In the US, the proportion of the rocket industrial base dedicated to NASA launches is maybe 15-20%. If we upped the NASA launch rate of medium lifters to twice or three times the current rate, we would have to proportionally expand the industrial base by expanding current rocket factories or build new ones, training work forces, and making the facility expansions at the Cape that have already been discussed. It might cost more than twice the money to increase the NASA launch rate by two.

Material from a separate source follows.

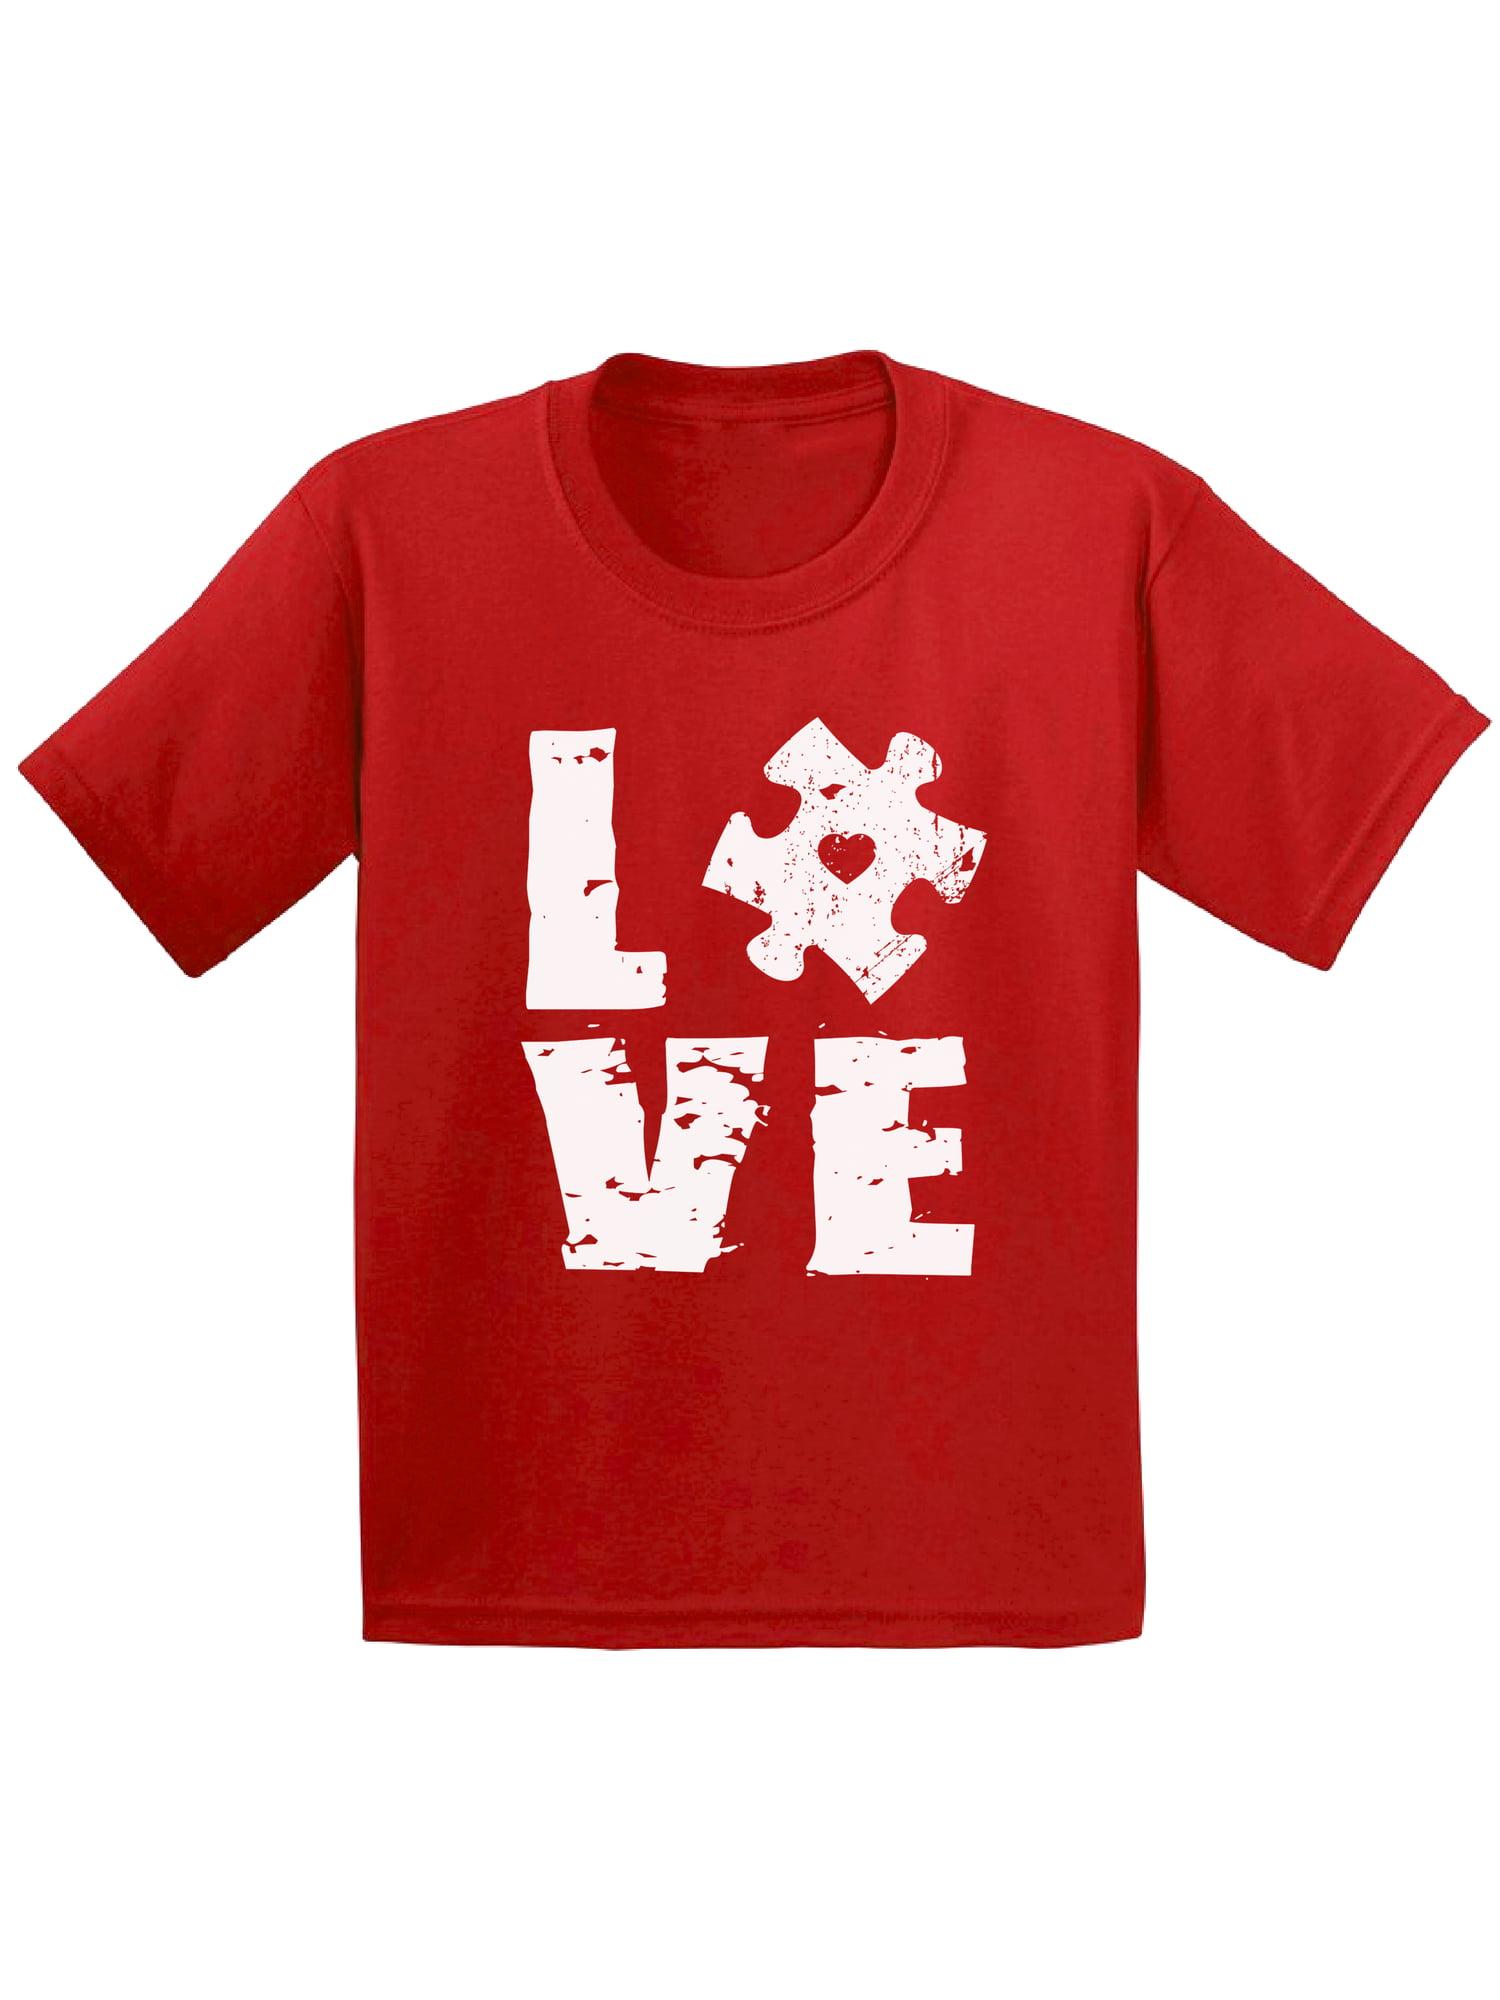 Awkward Styles Love Puzzle Toddler Shirt Autism Awareness Shirts for Kids Autism Love Puzzle T Shirt Autism Awareness Puzzle Tshirts for Kids Autism Toddler Shirts Autism Gifts for Boys and Girls

As far as heavy lifters are concerned, the industrial base can easily support four Shuttle stack-sized launches in a year, and has in the past supported up to eight. So, given a Shuttle-derived heavy lifter (which seems to be the direction things are headed) it would seem that mo money = mo launches. But wiat just a minute...that heavy lifter hasn't been developed yet, so mo money actually doesn't mean much with heavy lift until we actually have a flight-qualified rocket.

Citizen Joe said...

I expect helium to separate out from oxygen because I've seen stories about how the thinners in contact cement will evaporate out and build up at floor level until they hit the pilot lights and then BOOM! And then there are stories about staying low to the ground in a fire because all the smoke rises. It would seem to me that a gas that is an eighth the density of oxygen would percolate out. Note that nitrogen is very close to the same density as oxygen and thus mixes well.

I'm not saying that helium must stratify out, I'm just saying that it isn't intuitive for it not to.

Thucydides said...

Although I never specified heat engines as the means of generating energy in space, in principle I think this is actually a good idea.

Consider that I have an design for an alpha Stirling engine from Make magazine which I can build with my ten year old son. It uses Coke cans as the piston/displacers, coffee cans as the cylinders and various assorted pieces of tubing, wire coat hangers and scrap wood for the rest. Anything not in my garage is easily available at Canadian Tire or Wal Mart.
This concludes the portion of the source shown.